4.2.2 Identifying a Failure
4.2.2 Identifying a Failure
This section describes how to identify a failure. Use the troubleshooting flow described in "4.2.1 Determining the Causes of Failures" to determine the appropriate way of checking for a failure.
Checking the LED Indications
Check the LEDs on the operation panel, rear panel, and each component to identify the FRU requiring maintenance. Check the status of a FRU from its LED before starting maintenance work on the FRU.
- Operation panel LEDs
You can determine the status of the system by checking the LEDs on the operation panel. For details, see "2.3.1 Operation Panel LEDs." - Rear panel LED
You can determine the status of the system by checking the CHECK LED on the rear panel of the chassis, which duplicates the CHECK LED on the operation panel. For details, see "2.3.2 LEDs on the Rear Panel (System Locator)." - LED of each FRU
If an error occurs in the hardware in the chassis, you can determine the location of the error by checking the LED of the FRU that incorporates the failed hardware. For details, see "2.3.3 LEDs on Each Component."
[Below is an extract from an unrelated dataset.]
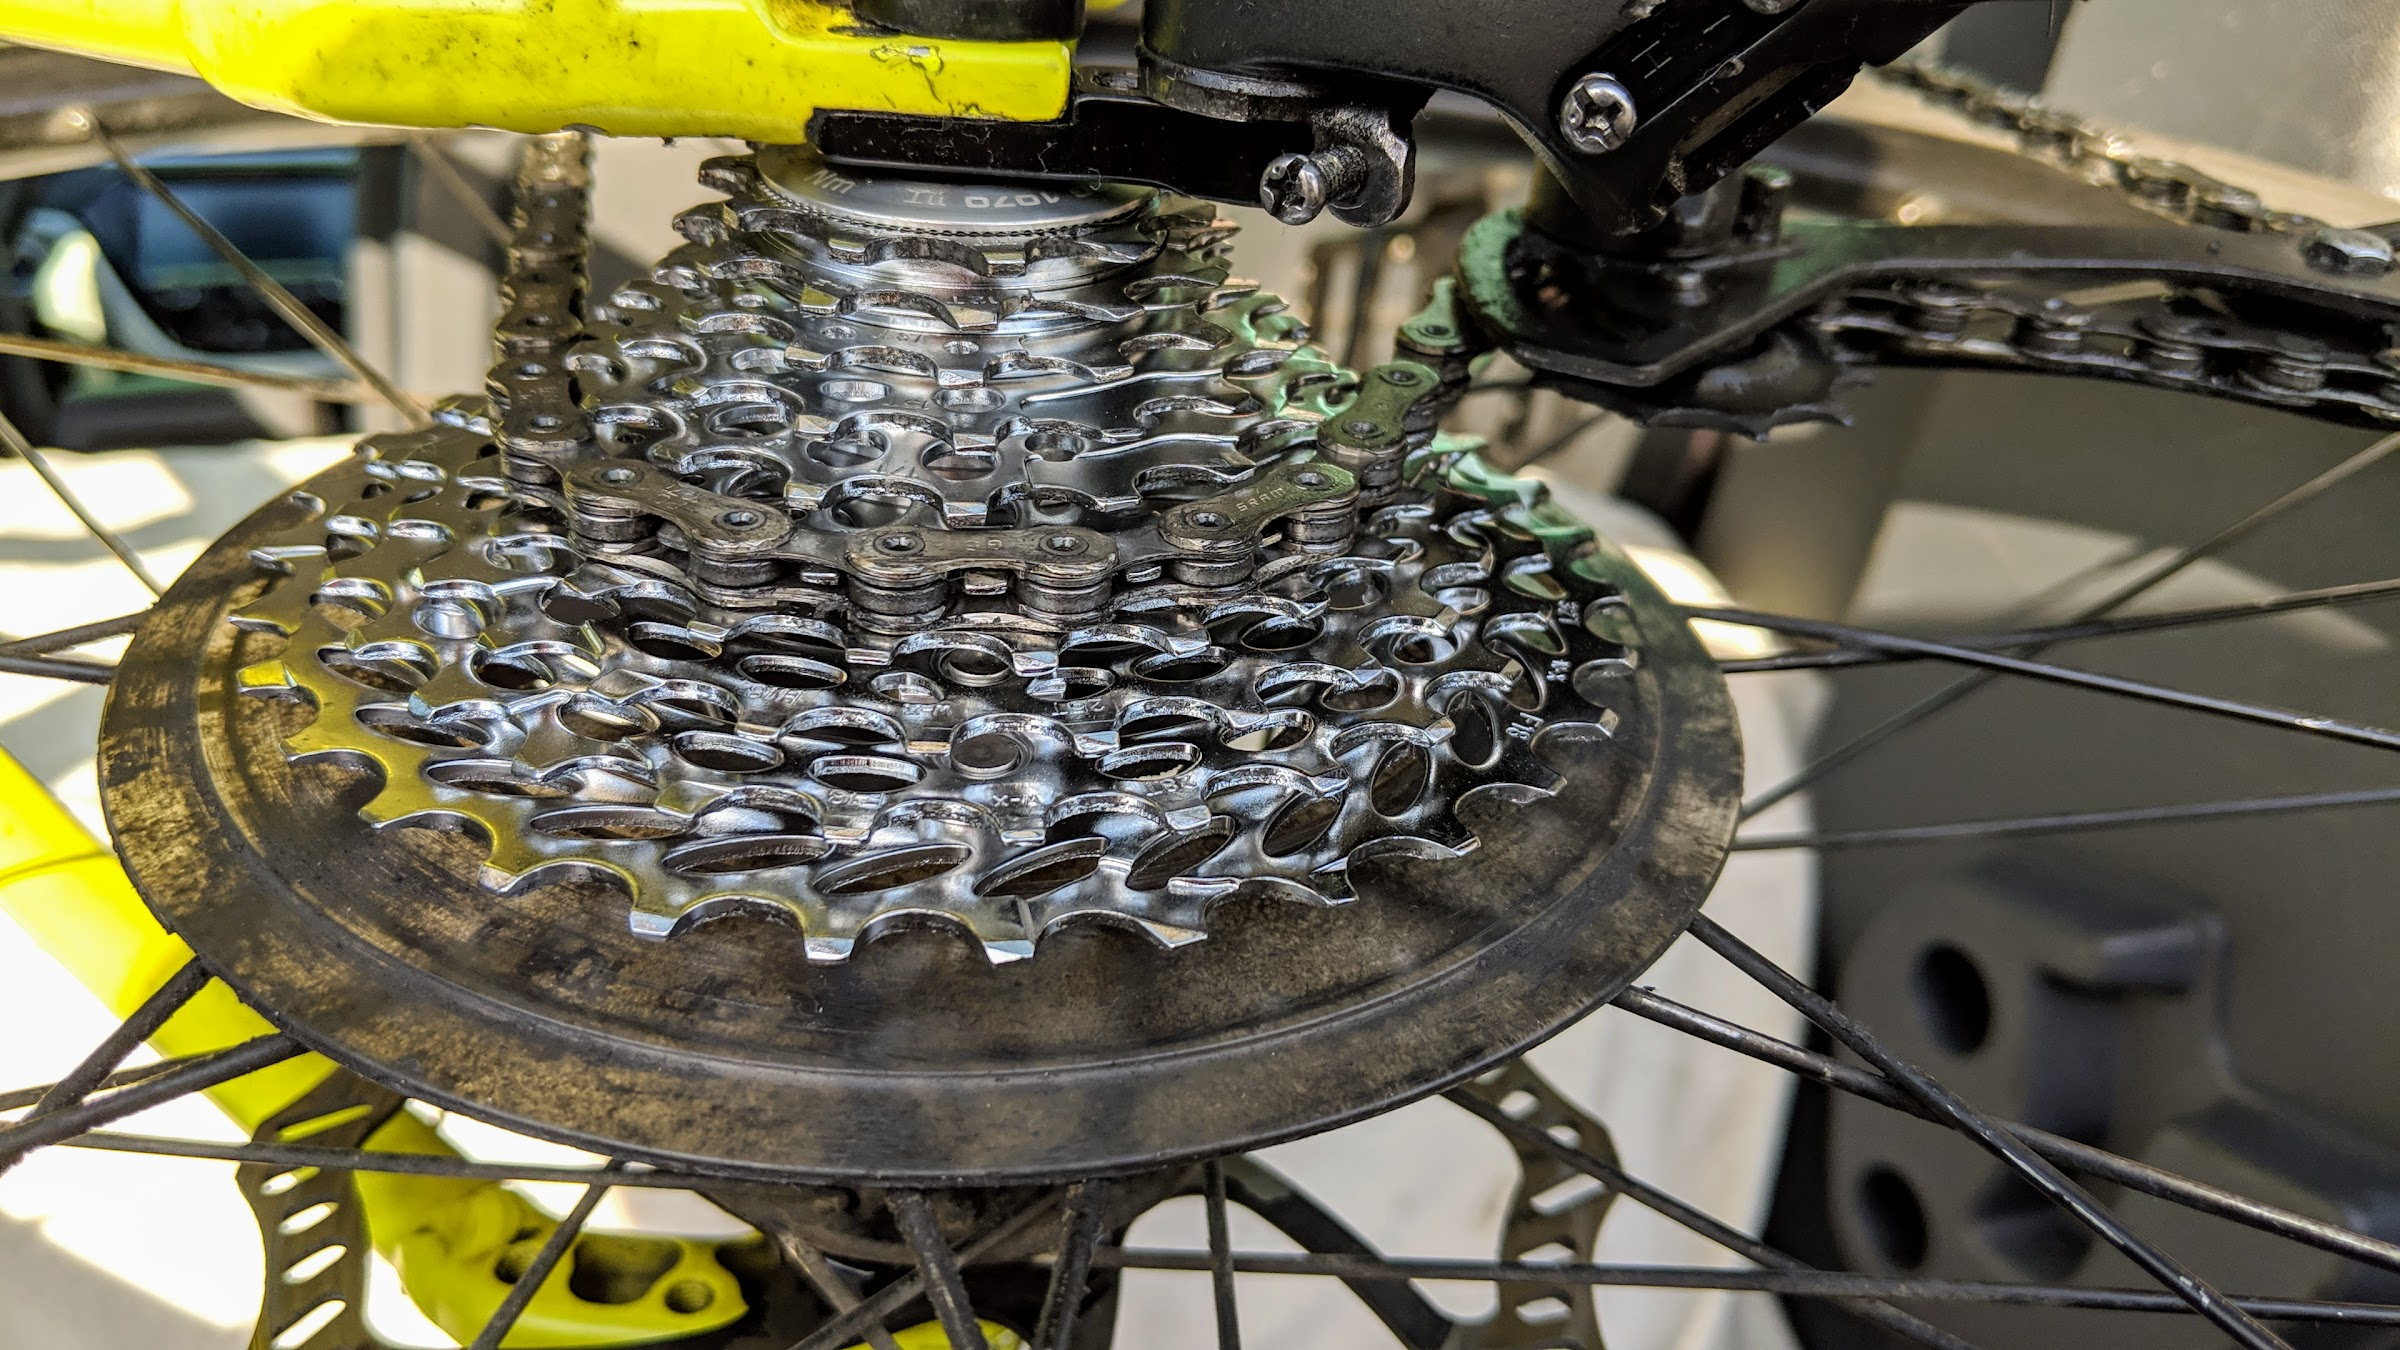 New drivetrain on bicycle

Note that some FRUs, such as memory, do not have mounted LEDs. To check the status of a FRU that does not have an LED, execute XSCF shell commands such as the showhardconf command from the maintenance terminal. For details, see "Checking the FRU Status" below.
Checking Error Messages
Display error messages to check the log information and obtain an error overview.
You can use either of the following two methods to check the error messages:
You can use either of the following two methods to check the error messages:
- Checking error log information using the XSCF shell
For details, see "12.1 Checking a Log Saved by the XSCF" in the Fujitsu SPARC M12 and Fujitsu M10/SPARC M10 System Operation and Administration Guide. - Checking messages with Oracle Solaris
For details, see "12.2 Checking Warning and Notification Messages" in the Fujitsu SPARC M12 and Fujitsu M10/SPARC M10 System Operation and Administration Guide.
Checking the FRU Status
Execute XSCF firmware commands to determine the system hardware configuration and the status of each FRU.
- showhardconf command
Execute the showhardconf command to check the information on the FRU list.
- Log in to the XSCF shell.
- Execute the showhardconf command to check the FRU list.
A faulty FRU is indicated by an asterisk (*) at the beginning of the line.
The following example shows execution on the SPARC M10-4S.
XSCF> showhardconf SPARC M10-4S; + Serial:2081230011; Operator_Panel_Switch:Locked; + System_Power:On; System_Phase:Cabinet Power On; Partition#0 PPAR_Status:Powered Off; Partition#1 PPAR_Status:Initialization Phase; BB#00 Status:Normal; Role:Slave; Ver:2003h; Serial:2081231002; + FRU-Part-Number:CA07361-D202 A1 ; + Power_Supply_System:Single; + Memory_Size:256 GB; ------------------------Omitted------------------------ XBBOX#80 Status:Normal; Role:Master; Ver:0101h; Serial:7867000297; + FRU-Part-Number:CA07361-D011 A0 /NOT-FIXD-01 ; + Power_Supply_System:Single; XBU#0 Status:Normal; Serial:PP0629L068 + FRU-Part-Number:CA20393-B50X A2 ; + Type: A ; * CBL#L0 Status:Degraded; + FRU-Part-Number:2123628-2 ; Ver:3820h; + Type:Optic; Length: 3; + FRU-Part-Number:2123628-2 ; Ver:3820h; + Type:Optic; Length: 3; ------------------------Omitted---------------------- |
- showstatus command
Execute the showstatus command to check the FRU status.
- Log in to the XSCF shell.
- Execute the showstatus command to check the status.
A faulty FRU is indicated by an asterisk (*) at the beginning of the line.
XSCF> showstatus XBBOX#80; * PSU#0 Status:Faulted; |
The FRU status is displayed after the "Status:" string.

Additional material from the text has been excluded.